Published: November 2, 2015 Words: 1428

This section is considered in the data for analysis and investigated the causes that might affect the finding. However, the data screening is also observing the data position for all the remaining data. The 398 data are input into SPSS version 20 and analyzed using AMOS version 18.0. The data screening included outlier detection, missing data, descriptive statistic, reliability, univariate normality, multicollinearity, linearity etc. Each part of data screening will be discussed in the next sections.

4.2.1 Outlier Checking (Mahalanobis Distance)

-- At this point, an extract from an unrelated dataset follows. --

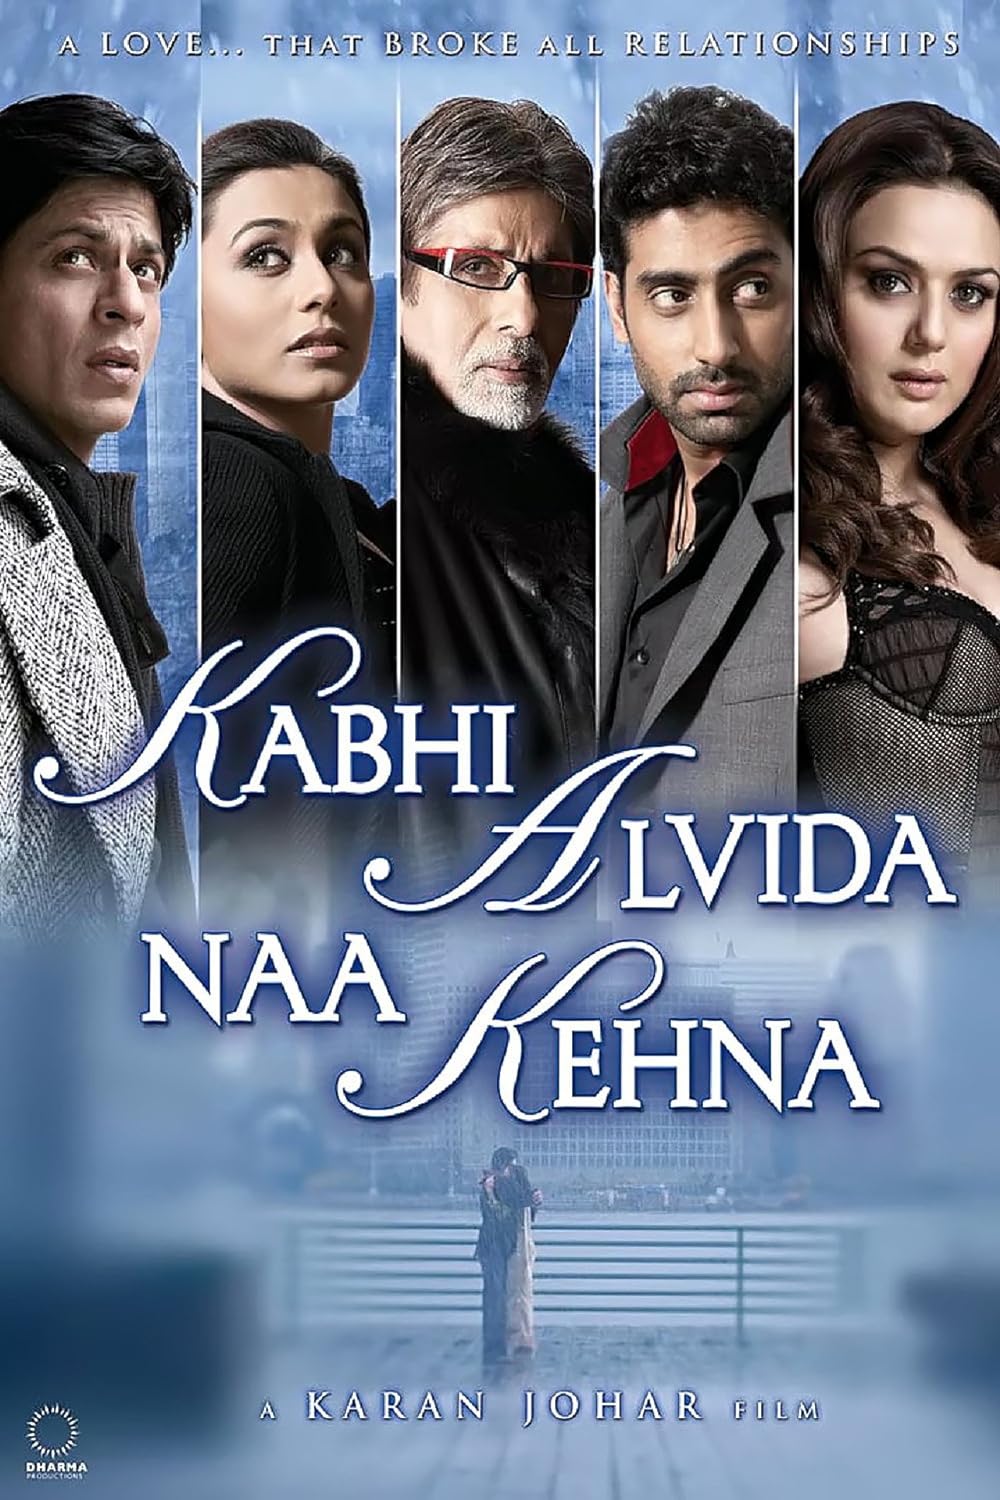 Download Kabhi Alvida Naa Kehna (2006) Hindi Movie Bluray || 720p [1.5GB]
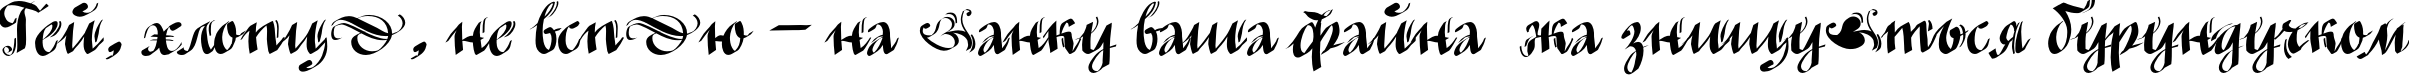 Пример написания шрифтом MinusmanC текста на украинском

Statistical evidence has established outliers as any observations which are numerically distant if compared to the rest of the dataset (Bryne, 2010). In the line with this are several existing literatures that have been conducted on the different methods of detecting outliers within a given research, among which includes classifying data points based on an observed (Mahalanobis) distance from the research expected values (Hair et al., 2010; Hau & Marsh, 2004). Part of the constructive argument in favor of outlier treatments based on Mahalanobis distance is that it serves as an effective means of detecting outliers through the settings of some predetermined threshold that will assist in defining whether a point could be categorized as outlier or not (Gerrit et al., 2002).

For this research, the table of chi-square statistics has been used as the threshold value to determine the empirical optimal values for the research. This decision is in line with the arguments of Hair et al. (2010) which emphasized on the need to create a new variable in the SPSS excel to be called “response” numbering from the beginning to the end of all variables. The Mahalanobis can simply be achieved by running a simple linear regression through the selection of the newly created response number as the dependent variable and selecting all measurement items apart from the demographic variables as independent variables. Doing this has assisted this study in creating a new output called Mah2 upon which a comparism was made between the chi-square as stipulated in the table and the newly Mahalanobis output.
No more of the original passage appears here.